First is that it's never as simple as pushing policies according to your personal beliefs. Legalize everything and raise taxes on the rich! Oh wait, now the capitalists and business owners are moving away because I've taken too much of their profits and moving to another country is better for them, and having all my businesses migrate away creates a massive drain on my GDP, so unemployment and crime are rising and I'm losing funding and running a big deficit which is causing my credit rating to drop and loan interest to skyrocket. Turns out that I'm not a politician or economist so I didn't realize what was happening until it was too late to fix, and now it's game over because I tanked the economy and no one wants to reelect me. Shit.

But what really freaked me out is that in tough times I found myself ignoring certain problems, postponing helpful policies with too big a price tag, or enacting policies I would never even think of backing back in real life. I'm sitting here thinking "Well it would really benefit the country in the long term to increase science and education funding, but I can't afford it right now so I'll cut funding instead", or "Hm, I'm losing support with religious groups. If I scale back abortion from unlimited access to requiring 2 doctors' approval, I lose almost all of the religious opposition without dropping too many points from other voter groups!".

It's that damn focus on reelection. With reelection as your sole goal and losing the election as the ultimate game over fail state, your popularity with voters is the number one concern, and improving the country is just a numbers game to boost your popularity, not a noble goal of its own.

I've known intellectually that gunning for reelection above all else is a problem, but playing Democracy 3 and actually thinking about what I'm doing to get there is what really drove it home.

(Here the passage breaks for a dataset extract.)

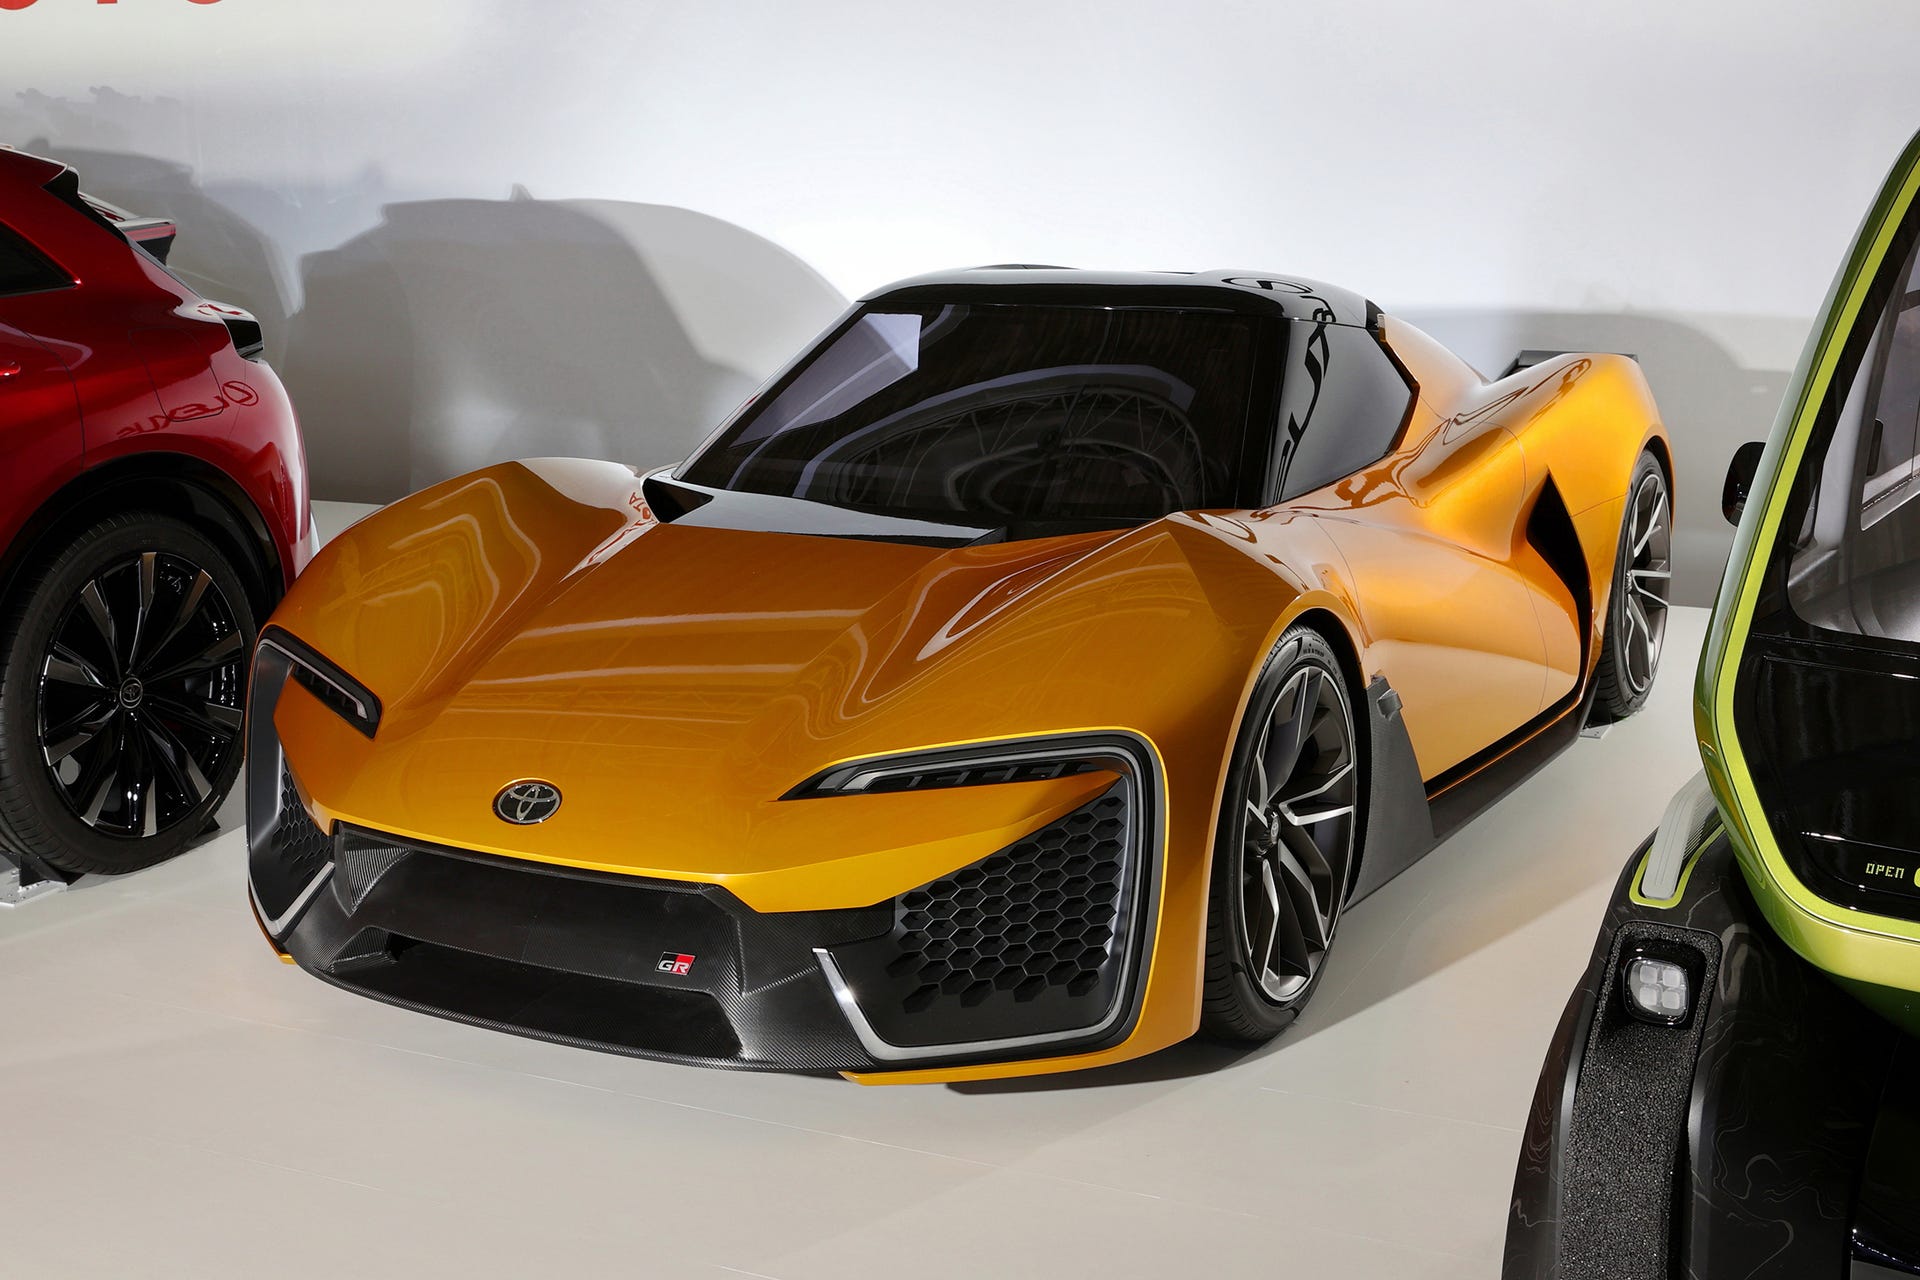 Toyota teases slick electric sports cars in major EV preview - CNET

The game gives a really visceral sense of how complex politics and economics really are, and if you stop to think, maybe even forces you to examine just how far you'd go when victims are only statistics.

With that in mind, Democracy 3 is not a "fun" game, but it's an important one that you really should play for a couple of hours while thinking about what you're doing (though if text-based sims aren't your style, the price tag might seem pretty steep).

Recommendation: play it.

As for the expansion packs, consider holding off until you know if you enjoy the game enough to spend more time with the increased complexity and more varied options. If the base game doesn't appeal to you on its own, the expansions won't help at all - but if it does, you'll enjoy the new tools and problems to solve.